• _Data section_

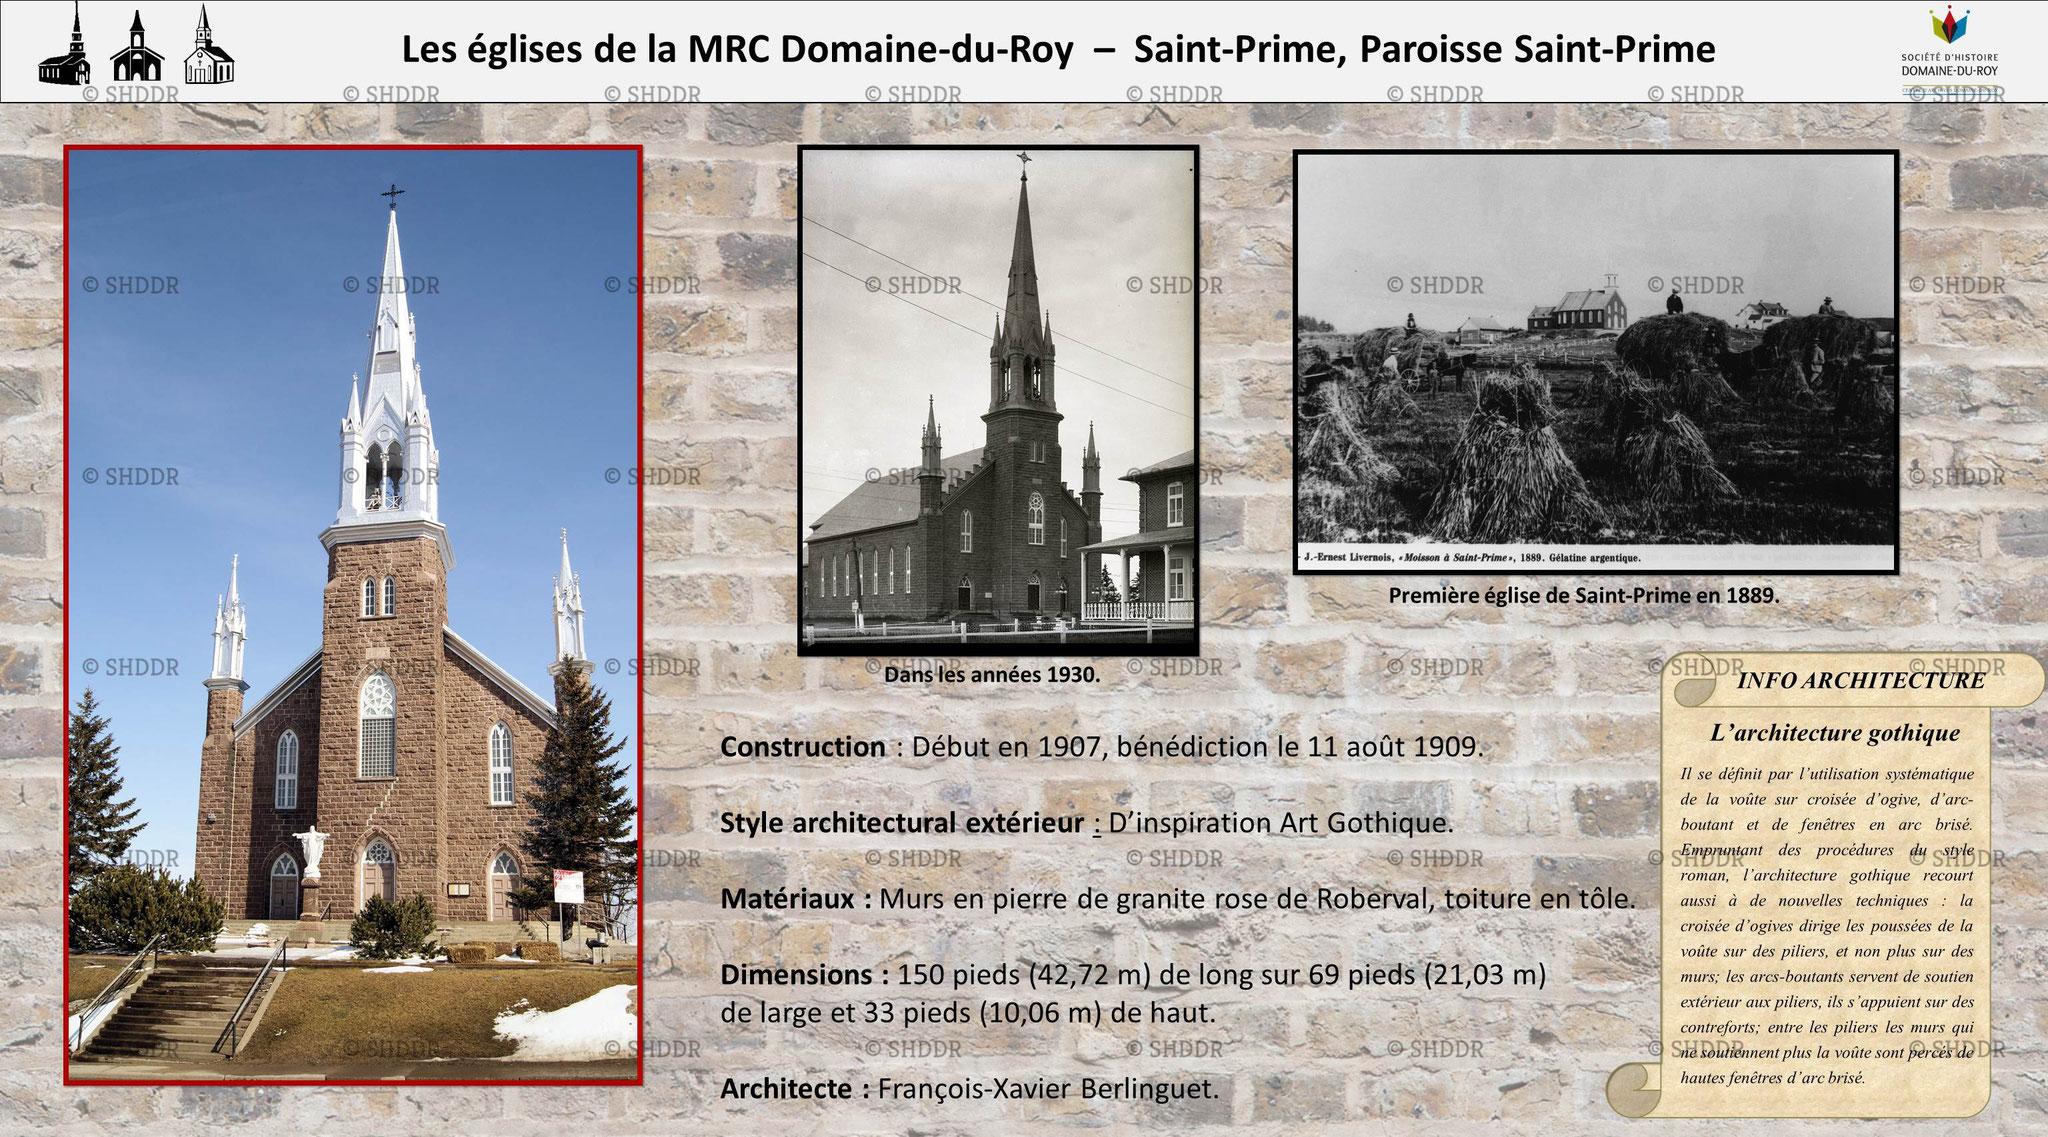 Saint-Prime - Paroisse Saint-Prime
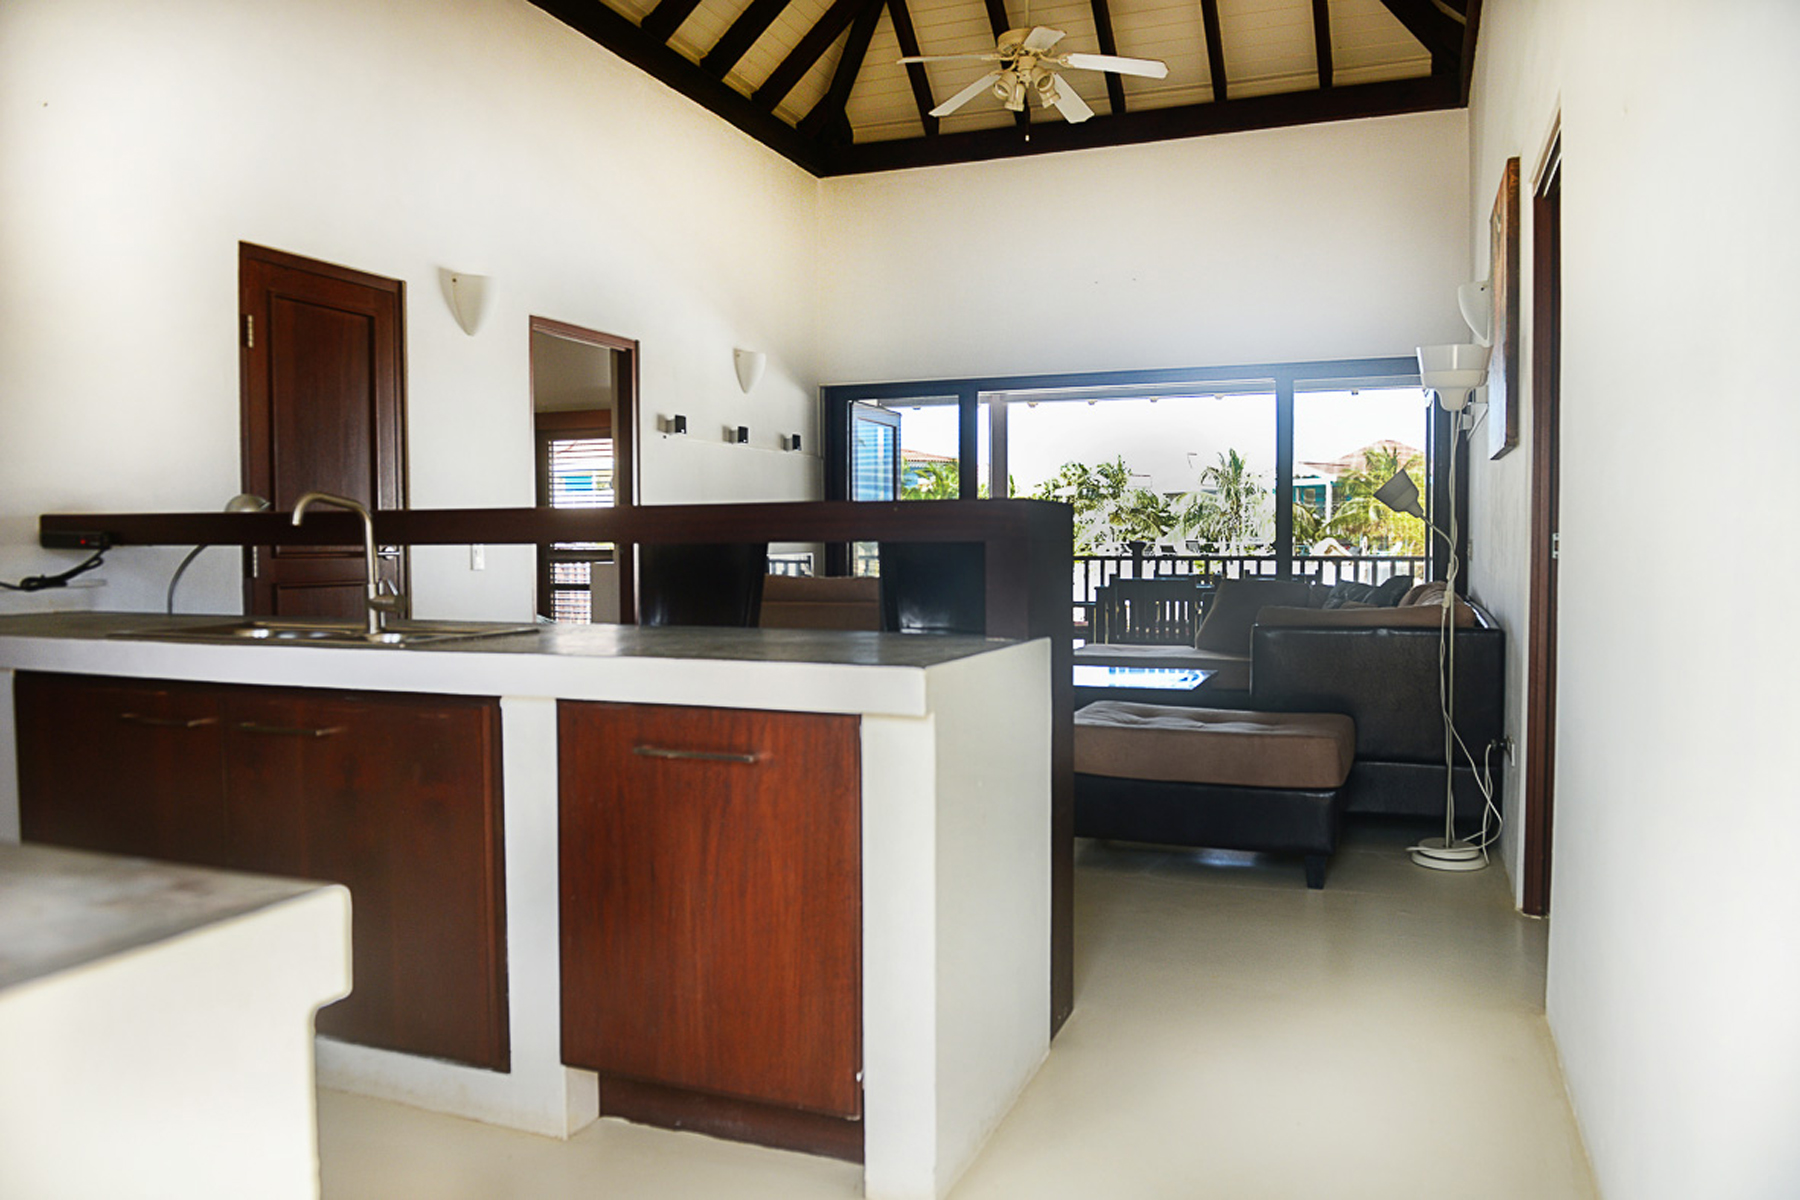 Additional photo for property listing at Waterlands Village Cottages Kralendijk, Bonaire Bonaire
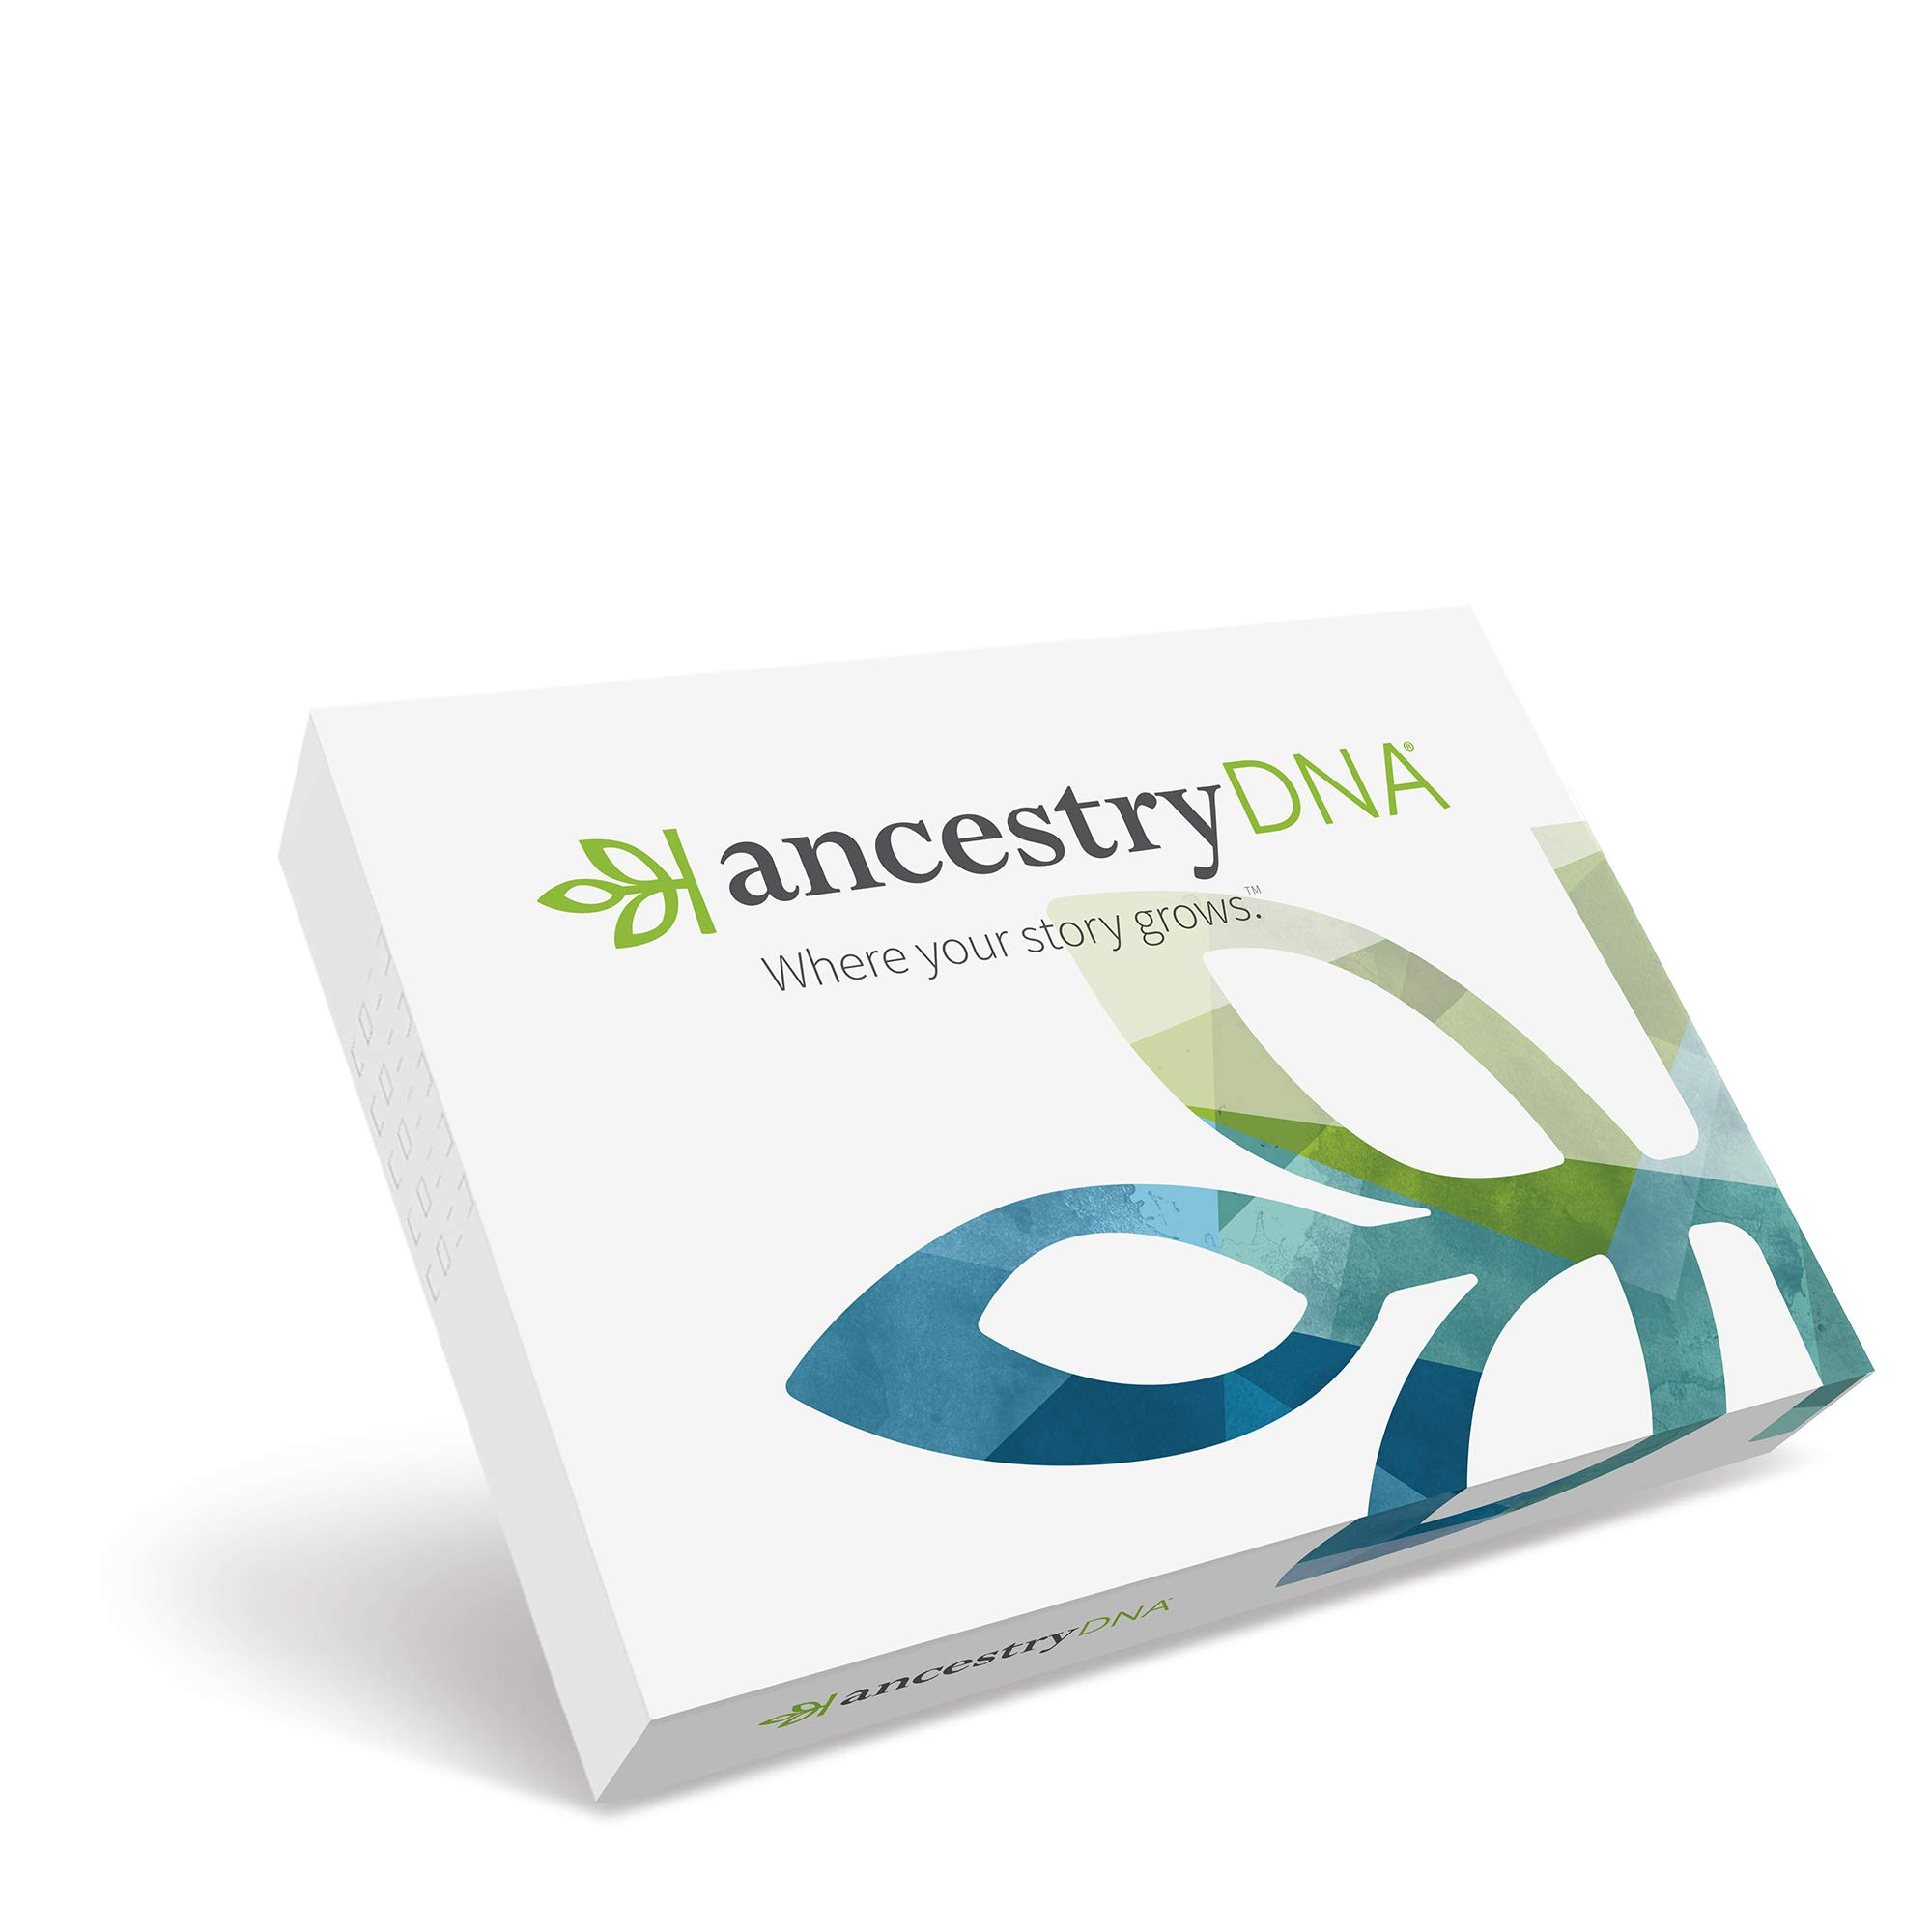 AncestryDNA: Genetic Ethnicity Test by AncestryDNA

• _Brief_
If the material above contains pictures, exclude them from an otherwise exact transcription.

• _Task response_
 Saint-Prime - Paroisse Saint-Prime
 Additional photo for property listing at Waterlands Village Cottages Kralendijk, Bonaire Bonaire
 AncestryDNA: Genetic Ethnicity Test by AncestryDNA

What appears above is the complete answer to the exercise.